They all kind of sucked. I figured out how to 'break'
this game the first week my cousin got it. You held the direction button either left or right (forgot which), and hit the attack button as the stage started. The game would think that you cleared the stage. I thought it was a cheat code. He was pretty pissed his six year old cousin beat it before he could.
I assure you, there is good ones. Ones that are worth a play and generally enjoyable for what they are. Obviously you're never going to be able to compare to a Game Boy of any variety, let alone a phone or DS, but they're simple stupid fun that can occupy you for a few minutes at least. General consensus is that Game and Watch Pinball is one of the best ones, but YMMV.

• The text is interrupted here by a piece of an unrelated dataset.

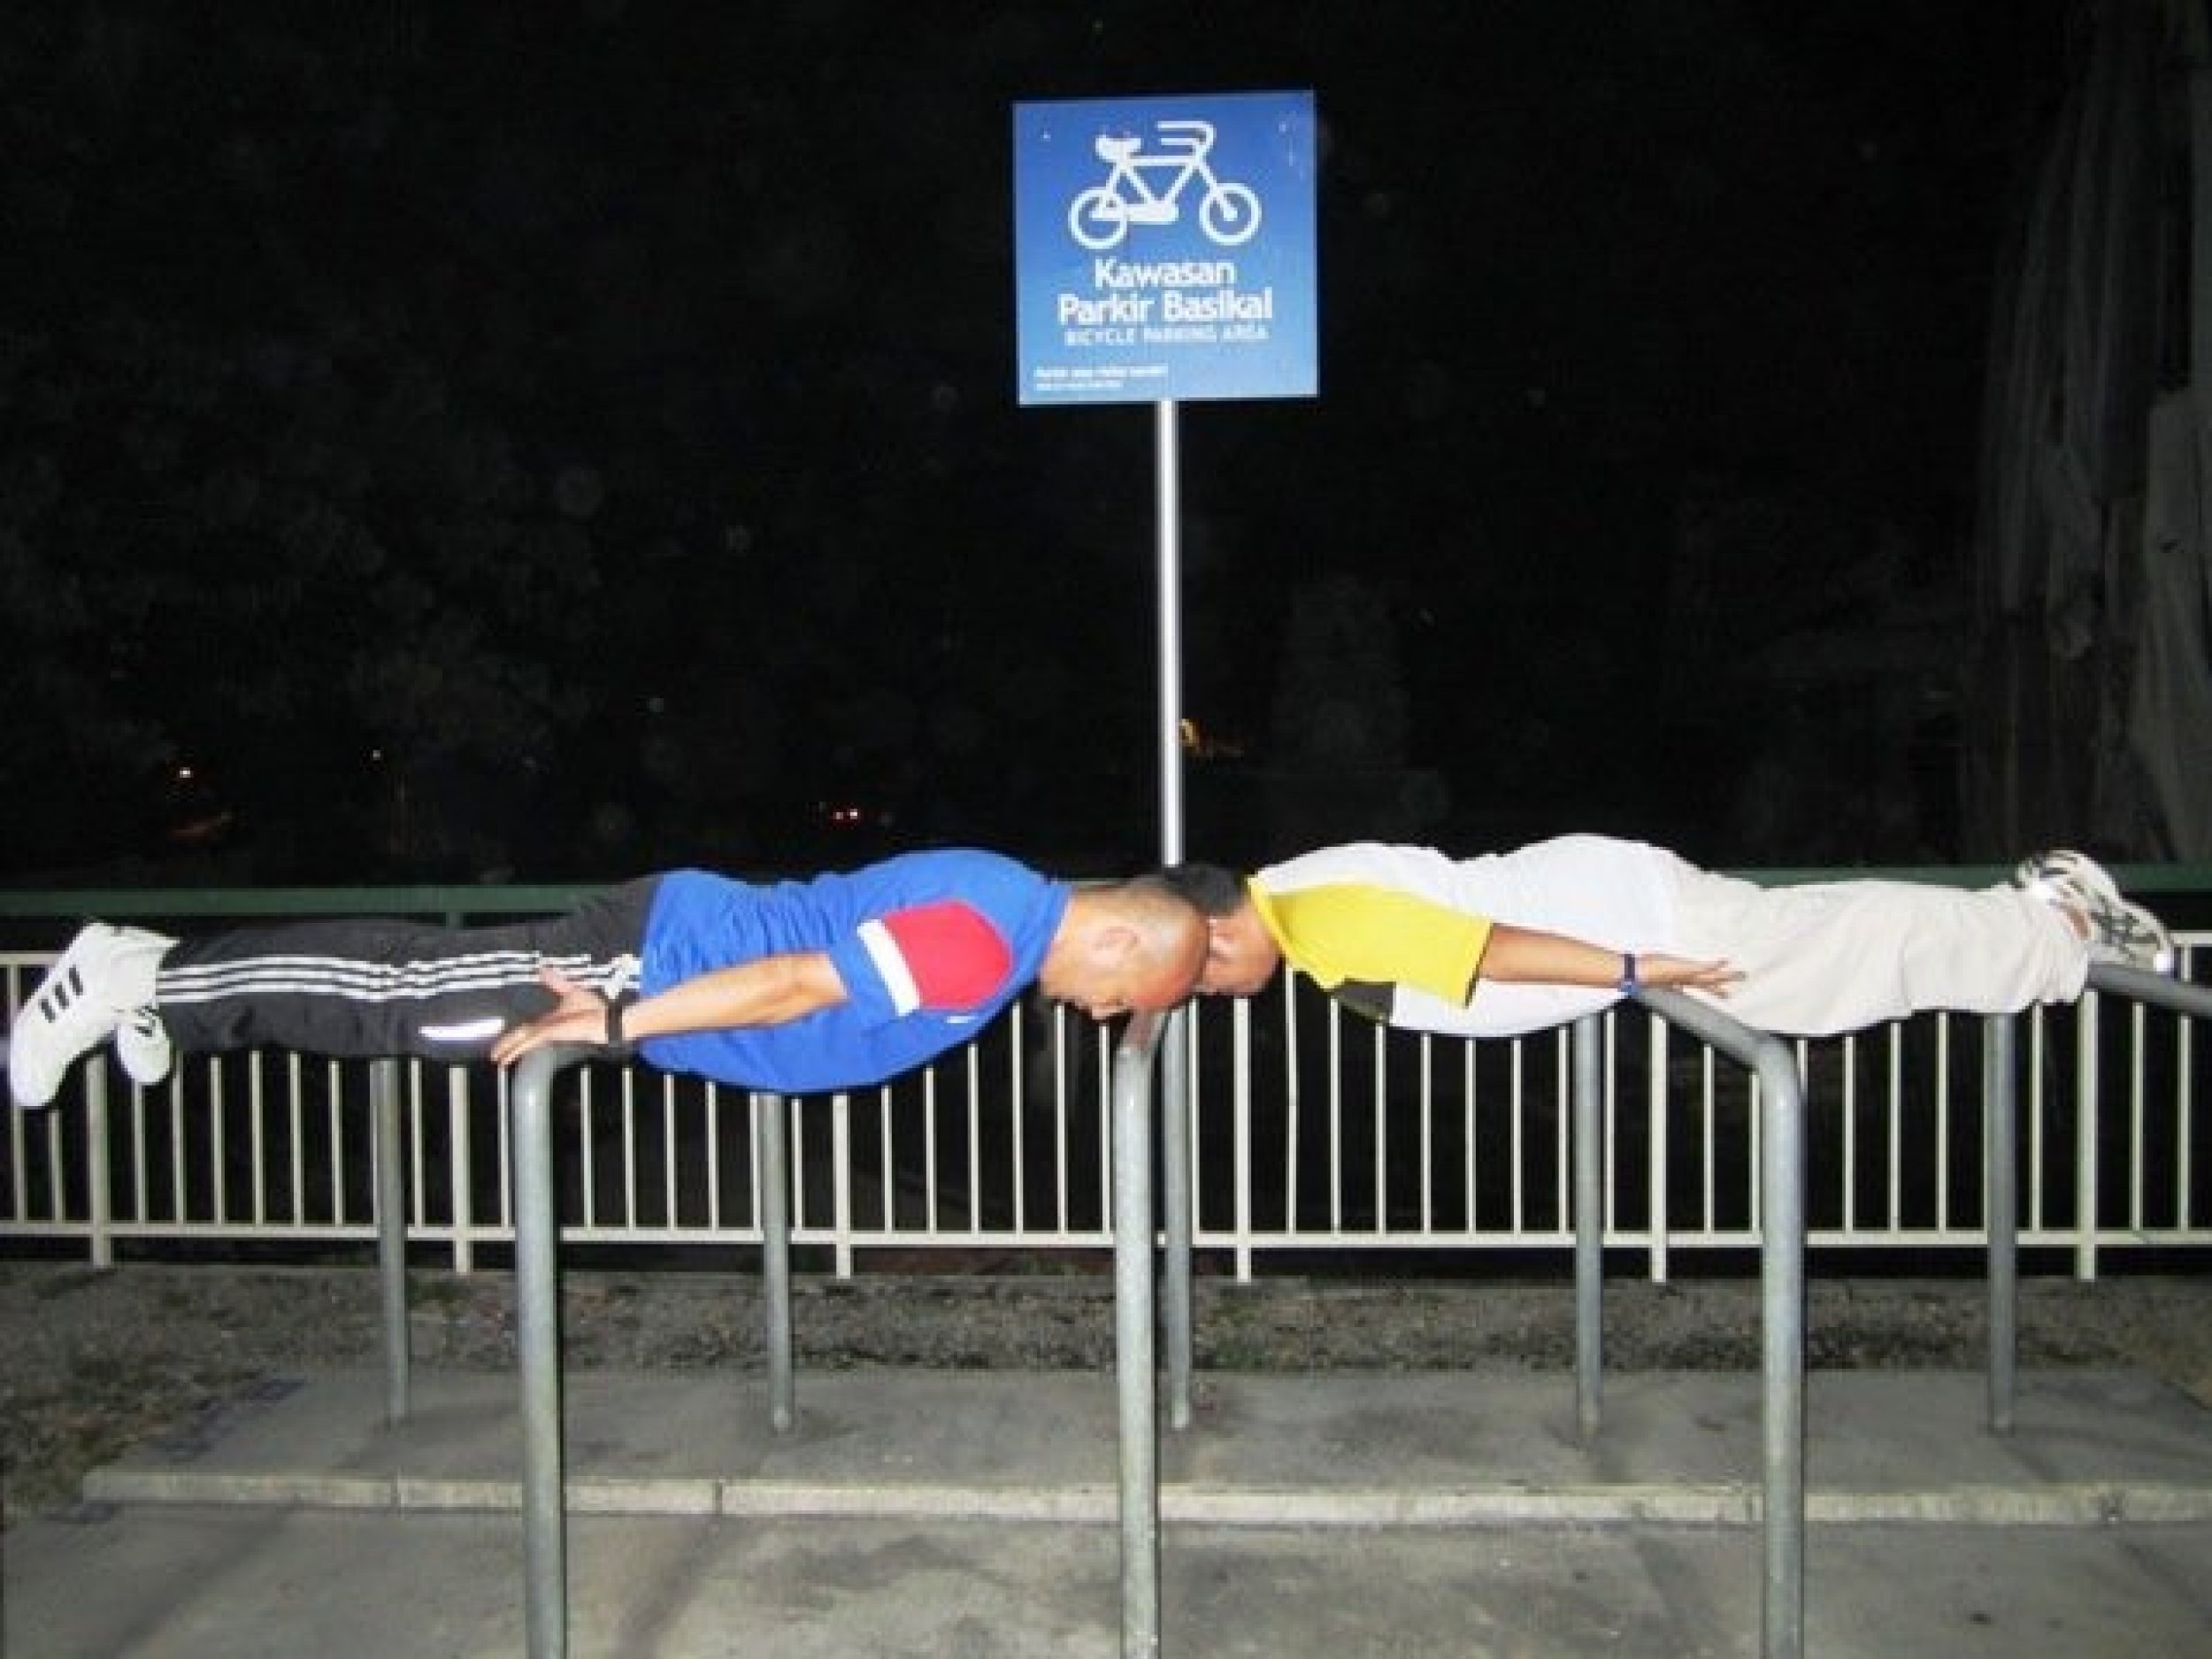 planking

Even Tiger had a few games that were decent (I've heard Strider is basically all right for instance). The problem is that when Tiger basically dominated the LCD handheld market, they crushed all competition pretty quickly, and companies like Sega and Konami basically turned over their entire LCD production to Tiger to save on costs. At that point Tiger just shit out units as quick as possible to strike while the iron was hot.
The reason Tiger was able to secure market dominance so quickly was through massive production runs that kept costs low. They re-used components for basically every system (there's a reason Tiger's white shell models are so iconic), to the point where all they needed was a new background cel and new LCD Screenset and they were good to go once a game was finalized. This lowered production times and costs to the point where they could essentially undersell the entire market and release dozens of games in the span of a month.
One big reason this worked was that the alternatives were expensive. The Game Boy was nearly 100 bucks at launch, and Nintendo's Game and Watch series was around 40going into the late 80s when these were taking off. Acclaim's ones were around 25. Tiger meanwhile routinely launched games for under 20 dollars.
Tiger is a very interesting historical footnote in video gaming but I cannot for the life of me understand it having a surviving fandom. Game and Watch I can understand, since most of those played quite well and it helped lead into Nintendo's development of more conventional titles later (with the original Game and Watch games coming out over two years before Nintendo's Famicom). Most of Tiger's games were clunky cash-ins with very little staying power.